Clopidogrel Bioequivalence Study in Healthy Subjects

Bioequivalence, AUC, Cmax, Pharmacokinetics Clinical Trial

Official title:

An Open-label, Randomised, Three-way Crossover Study in Healthy Subjects to Assess the Bioequivalence of European Source Generic Clopidogrel Tablets and US and Japanese Source Branded Clopidogrel (Plavix®) Tablets.

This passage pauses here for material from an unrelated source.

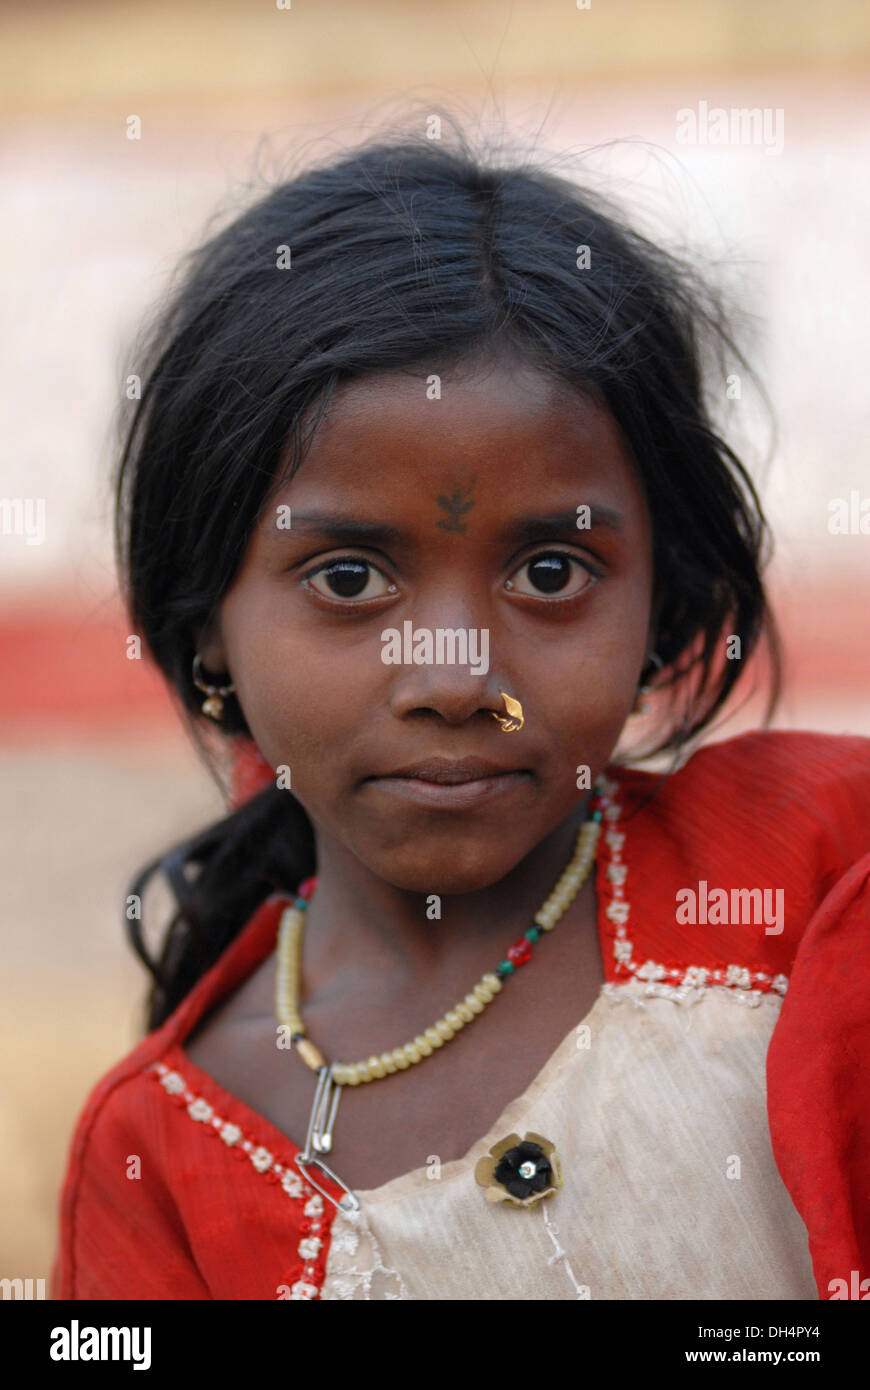 File:Indian girl, Raisen district, Madhya Pradesh.jpg 
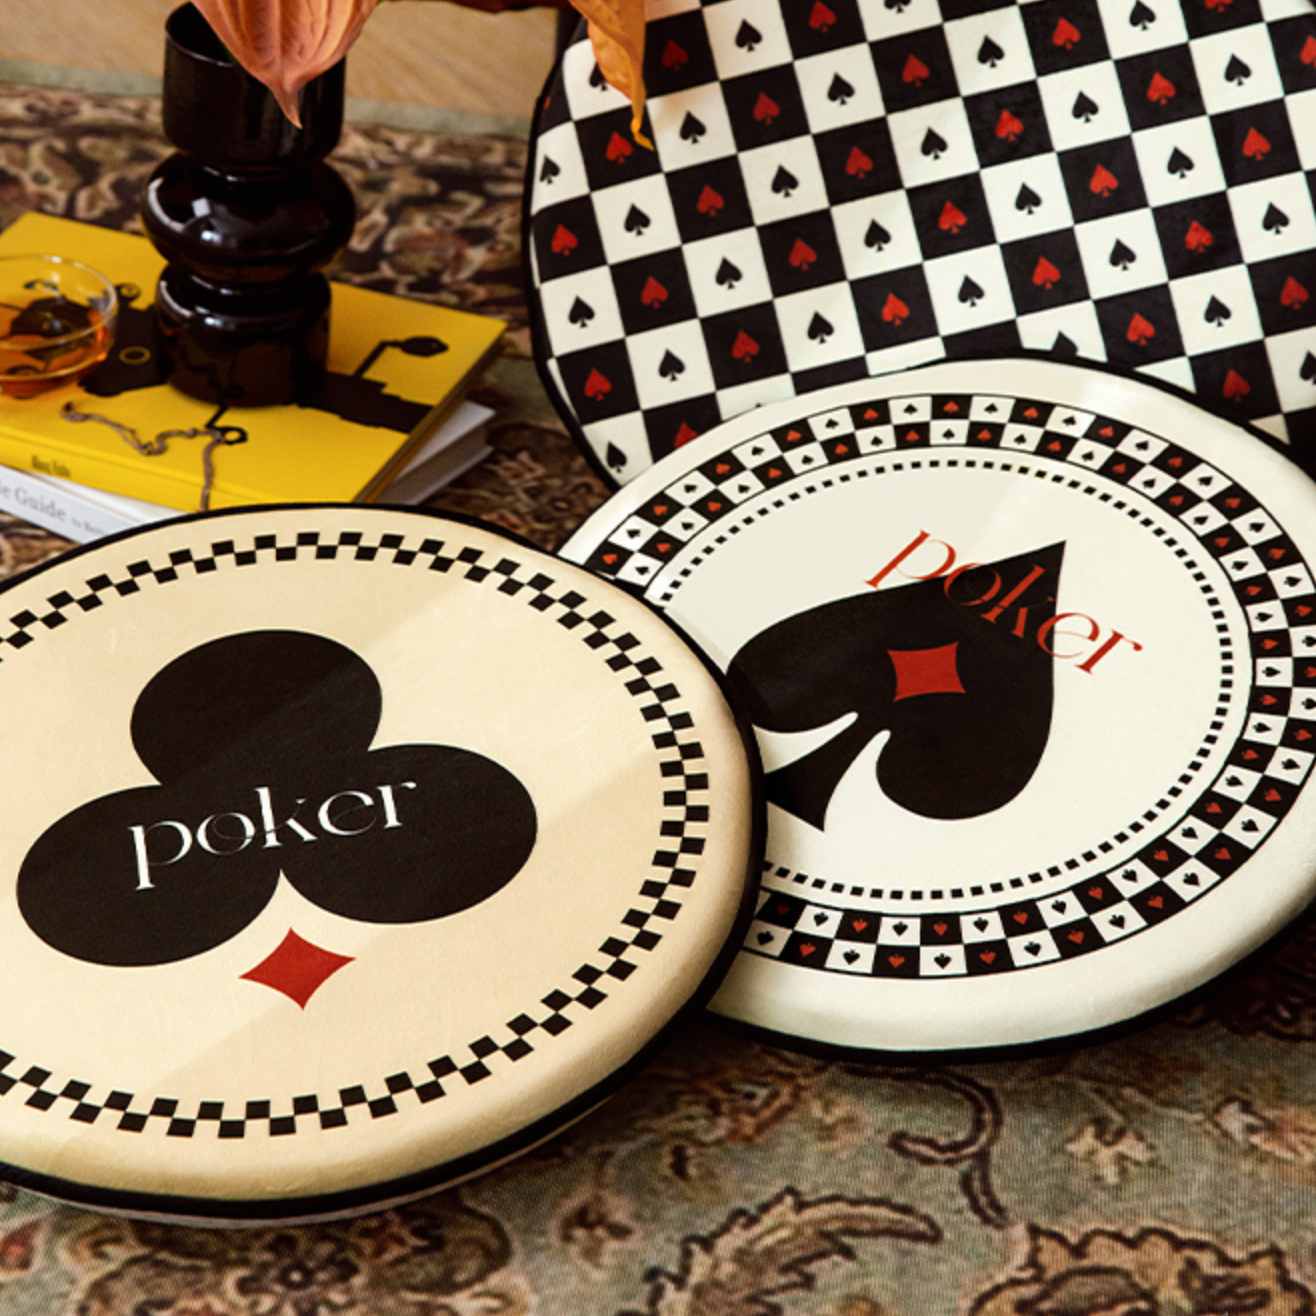 4design poker round cushion

Clinical Trial Details — Status: Completed

Administrative data

• NCT number: NCT02185534
• Other study ID #: D5130C00131
• Status: Completed
• Phase: Phase 1
• First received: July 4, 2014
• Last updated: October 28, 2015
• Start date: August 2014
• Est. completion date: October 2014

Study information

• Verified date: October 2015
• Source: AstraZeneca
• Contact: n/a
• Is FDA regulated: No
• Health authority: Germany: Federal Institute for Drugs and Medical Devices
• Study type: Interventional

Clinical Trial Summary

This study will be an open-label, randomised, three-way crossover study in healthy male and female subjects, performed at a single centre. The objective of the study is to assess the bioequivalence between one test formulation (Clopidogrel 75 mg tablet (commercial blister from KRKA) and two reference formulations (Clopidogrel 75 mg tablet [Plavix, sourced in US and Japan]).

Description:

Study to evaluate the bioequivalence of orally administered European source clopidogrel tablets and US and Japanese source clopidogrel tablets.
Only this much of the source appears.